# Wanted New York City 5/17-5/20



## Letnes (Apr 4, 2019)

Looking for a Studio or 1 bedroom in NYC May 17 to 20 for 4 people.  2 adults and 2 kids. 

Thanks.


----------



## Crafty71 (Apr 6, 2019)

Letnes said:


> Looking for a Studio or 1 bedroom in NYC May 17 to 20.


Just sent you a PM...


----------



## b2bailey (Apr 6, 2019)

Crafty71 said:


> Just sent you a PM...


I see this as example of how I believe this is intended to work.


----------



## wjappraise (Apr 6, 2019)

b2bailey said:


> I see this as example of how I believe this is intended to work.

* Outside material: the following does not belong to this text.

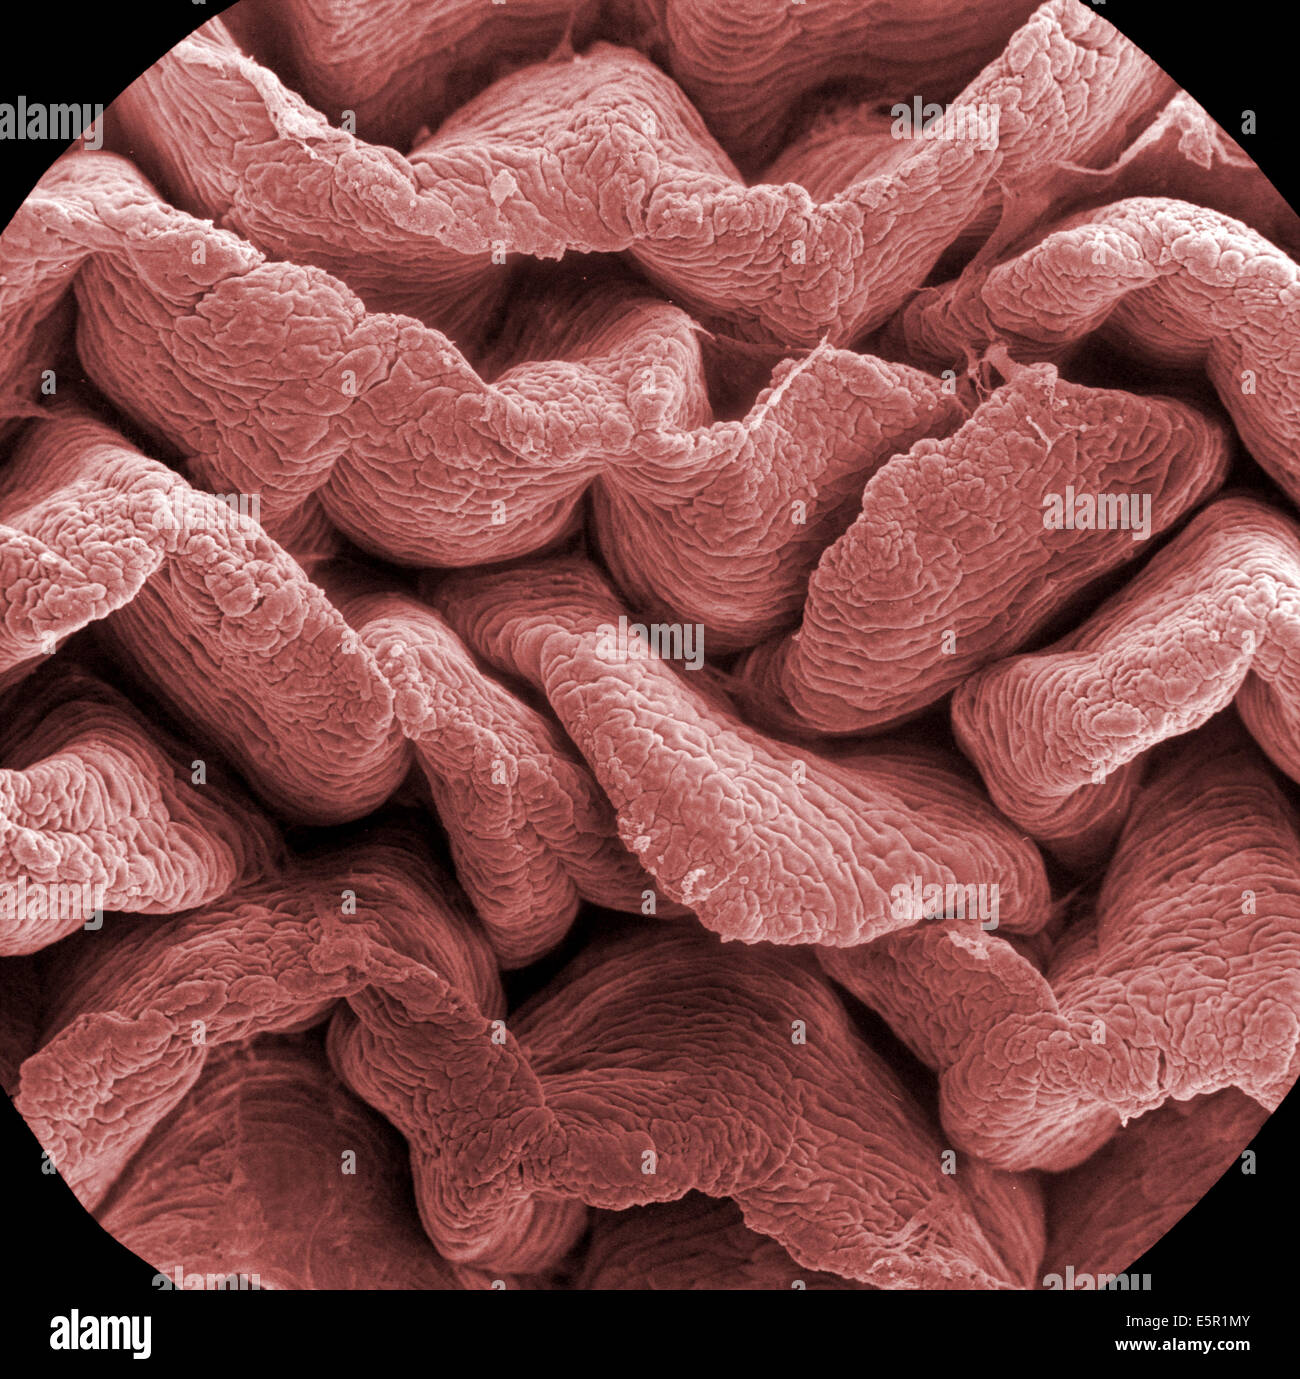 Scanning electron micrograph (SEM) of an absorptive epithelial cells lining the surface of the small intestine, showing Stock Photo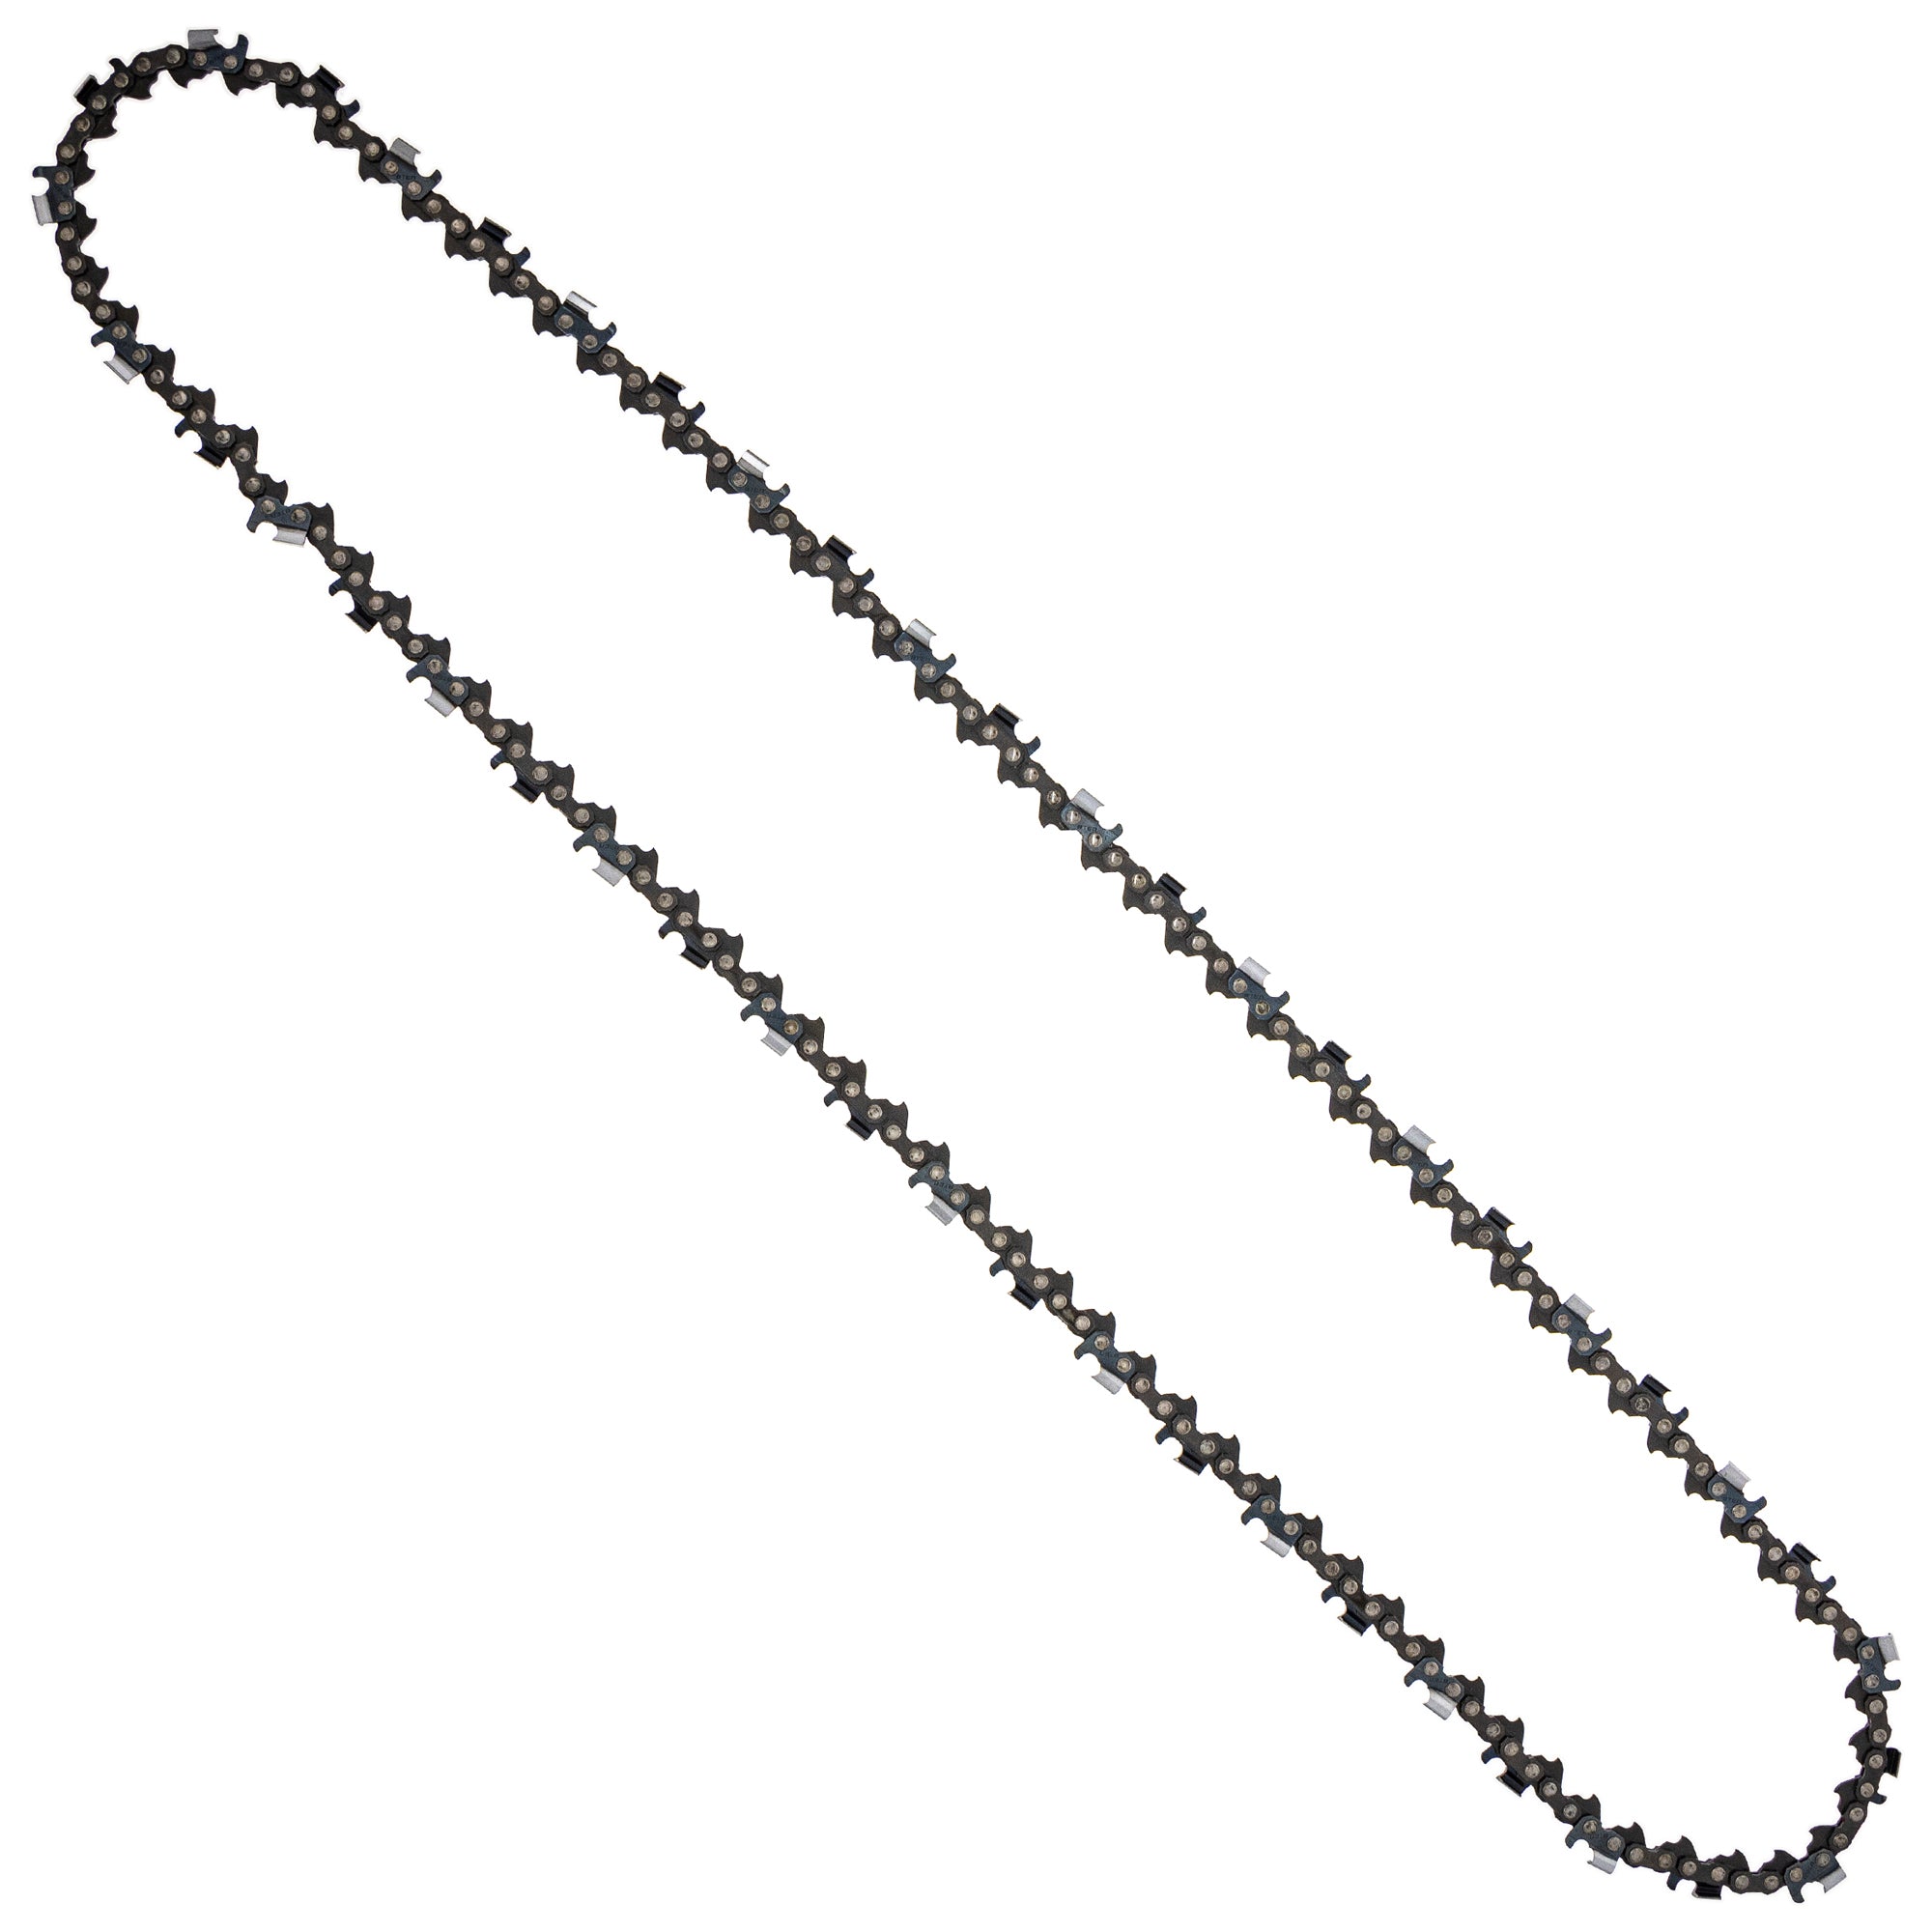 8TEN 810-CCC2212H Chain 10-Pack for zOTHER Oregon MS 066 064 056

I think so, as well.  No way a room in NYC would be $115 per night.  But this way the need can be advertised, and possible solutions discussed.  Decent “work around.”


----------



## Sandy VDH (Apr 9, 2019)

Provided the OP does not come back and complain that they didn't get the LMR limit.  Which I have seen happen.  Sometimes no good deed goes unpunished.


----------



## Letnes (Apr 14, 2019)

Bump.


----------



## Letnes (Apr 21, 2019)

Bump.


----------



## Letnes (May 4, 2019)

Bump


----------